We limited the comparison to 18 decent-sized, developed democracies - Australia, New Zealand, the US, Canada, Japan, Britain, Ireland and 11 countries in continental Europe.
So, how does Australia compare? The bad news is that, in various respects, we're not the hot shots we imagine ourselves to be. The good news, however, is that in other respects we're not as hopeless as we sometimes assume.
A second shock to our self-image is that we're no longer the outstanding nation of home owners. Our rate of owners - 69 per cent - has hardly changed in 25 years.
In that time the Brits' rate has risen from 49 per cent to equal ours. And then there's the Italians on 78 per cent and the newly prosperous Irish on 83 per cent.
Never mind, console yourself with a drink. They can't match us on the hard stuff, surely?
Our alcoholic consumption per person has been falling since 1980, in which time it's gone from above average to just average. We're only the seventh-biggest beer drinkers and eighth on wine - which puts us well below average.
The one tipple where we hard-drinking macho Aussies top the list is "flavoured alcoholic drinks" - the ones where the maker pre-mixes a soft drink with an alcoholic base. Wow.

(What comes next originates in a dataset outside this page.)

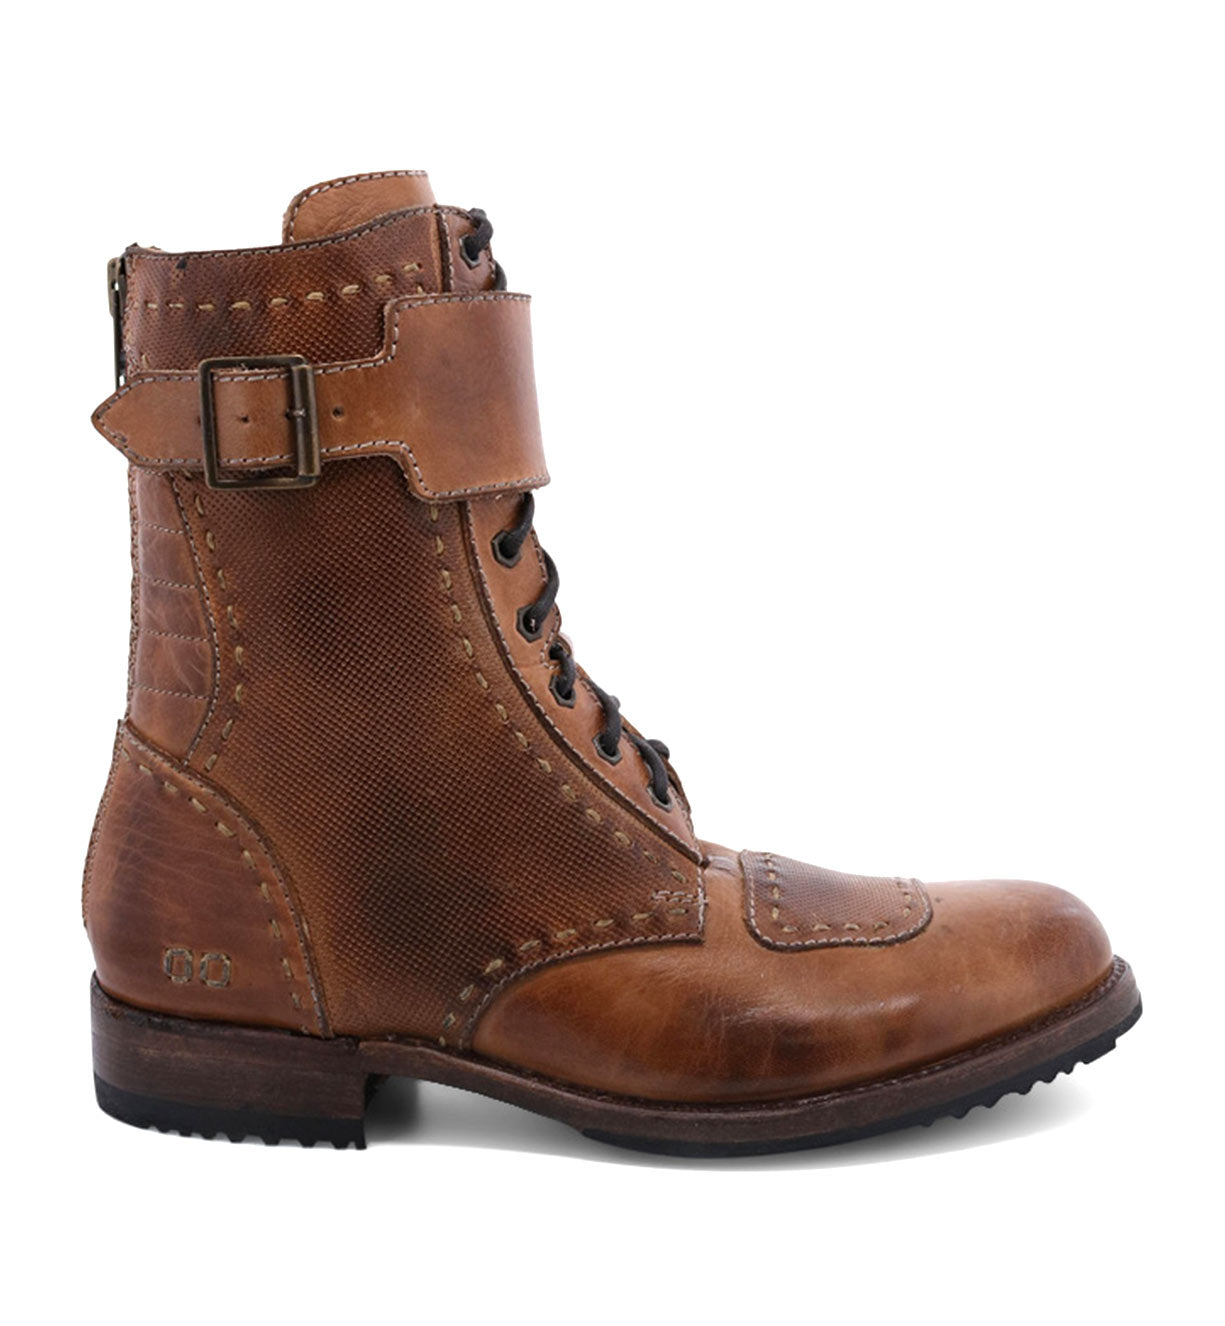 Bed Stu's Walker Tan Rustic Mason BFS Boot, a moto-inspired brown leather lace-up boot with strap and buckle detail, isolated on a white background.

Next, though Australia remains one of the world's great producers of agricultural goods, we're not nearly as rural as we fondly imagine.
Australia is second only to Belgium for the highest proportion of the population living in urban areas - 91 per cent. And we're tops on the proportion of population living in cities of more than 750,000 people - 69 per cent - with daylight second.
But Australians have been remarkably quick to embrace the gadgetry of the IT revolution - or so we're told. Sorry. Among the 18 countries, Australia comes third last in take-up of mobile phones. We have 576 mobiles per 1000 people; the Italians have 883. But note: we're having more "Where are you?" conversations than the Yanks and Canadians.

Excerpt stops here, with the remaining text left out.